From 8e66b2a974452d93d0c3d88a3a7207a62d8a8060 Mon Sep 17 00:00:00 2001
From: Mykola Chaban <nchaban.kh@gmail.com>
Date: Wed, 2 Apr 2025 21:15:40 +0300
Subject: [PATCH] added additional verificaton if keywords already provided in
 query param do not run the generation process;

---
 lightrag/operate.py | 46 +++++++++++++++++++++++++++++++++++----------
 1 file changed, 36 insertions(+), 10 deletions(-)

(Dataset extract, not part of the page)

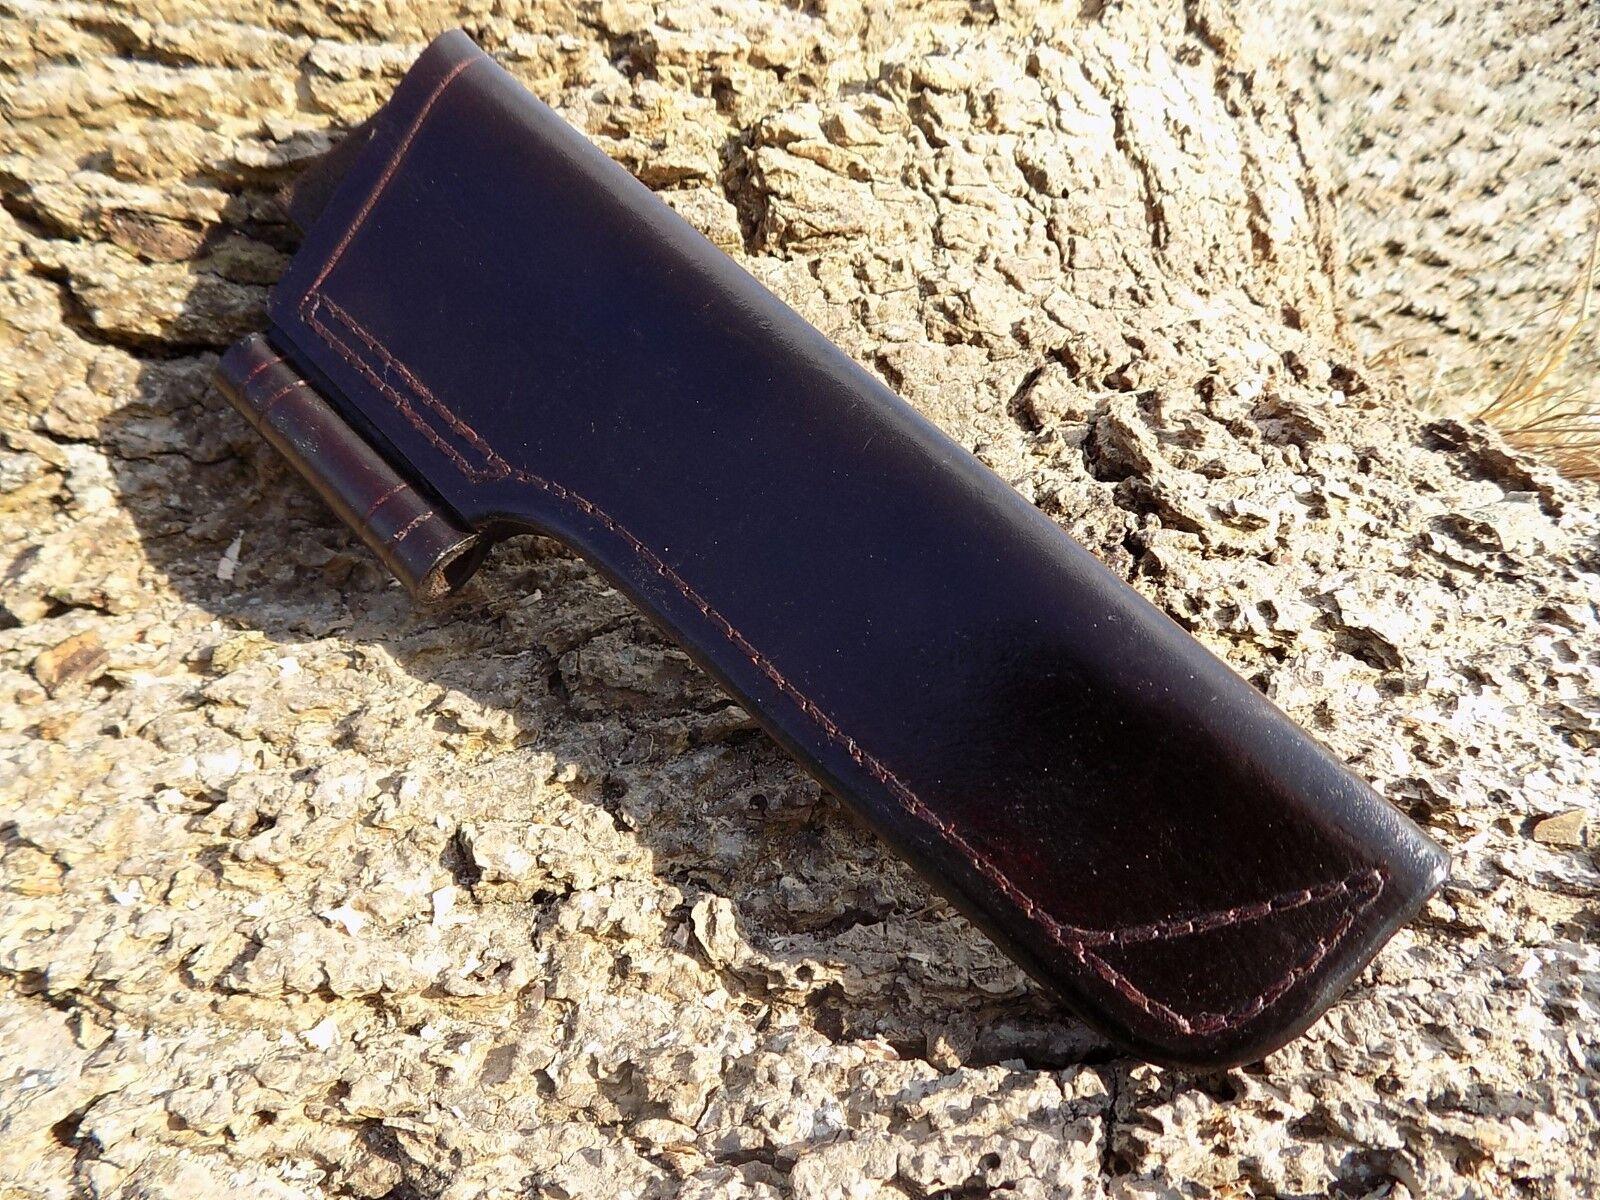 Handmade leather Bushcraft  Knife Sheath  Dark Brown with firesteel holder  authentic quality

diff --git a/lightrag/operate.py b/lightrag/operate.py
index dcf833c2..c4a43ee9 100644
--- a/lightrag/operate.py
+++ b/lightrag/operate.py
@@ -719,8 +719,7 @@ async def kg_query(
     if cached_response is not None:
         return cached_response
 
-    # Extract keywords using extract_keywords_only function which already supports conversation history
-    hl_keywords, ll_keywords = await extract_keywords_only(
+    hl_keywords, ll_keywords = await get_keywords_from_query(
         query, query_param, global_config, hashing_kv
     )
 
@@ -816,6 +815,37 @@ async def kg_query(
     return response
 
 
+async def get_keywords_from_query(
+    query: str,
+    query_param: QueryParam,
+    global_config: dict[str, str],
+    hashing_kv: BaseKVStorage | None = None,
+) -> tuple[list[str], list[str]]:
+    """
+    Retrieves high-level and low-level keywords for RAG operations.
+    
+    This function checks if keywords are already provided in query parameters,
+    and if not, extracts them from the query text using LLM.
+    
+    Args:
+        query: The user's query text
+        query_param: Query parameters that may contain pre-defined keywords
+        global_config: Global configuration dictionary
+        hashing_kv: Optional key-value storage for caching results
+        
+    Returns:
+        A tuple containing (high_level_keywords, low_level_keywords)
+    """
+    if not query_param.hl_keywords.empty() and not query_param.ll_keywords.empty():
+        return query_param.hl_keywords, query_param.ll_keywords
+
+    # Extract keywords using extract_keywords_only function which already supports conversation history
+    hl_keywords, ll_keywords = await extract_keywords_only(
+        query, query_param, global_config, hashing_kv
+    )
+    return hl_keywords, ll_keywords
+
+
 async def extract_keywords_only(
     text: str,
     param: QueryParam,
@@ -956,8 +986,7 @@ async def mix_kg_vector_query(
     # 2. Execute knowledge graph and vector searches in parallel
     async def get_kg_context():
         try:
-            # Extract keywords using extract_keywords_only function which already supports conversation history
-            hl_keywords, ll_keywords = await extract_keywords_only(
+            hl_keywords, ll_keywords = await get_keywords_from_query(
                 query, query_param, global_config, hashing_kv
             )
 
@@ -2034,16 +2063,13 @@ async def query_with_keywords(
         Query response or async iterator
     """
     # Extract keywords
-    hl_keywords, ll_keywords = await extract_keywords_only(
-        text=query,
-        param=param,
+    hl_keywords, ll_keywords = await get_keywords_from_query(
+        query=query,
+        query_param=param,
         global_config=global_config,
         hashing_kv=hashing_kv,
     )
 
-    param.hl_keywords = hl_keywords
-    param.ll_keywords = ll_keywords
-
     # Create a new string with the prompt and the keywords
     ll_keywords_str = ", ".join(ll_keywords)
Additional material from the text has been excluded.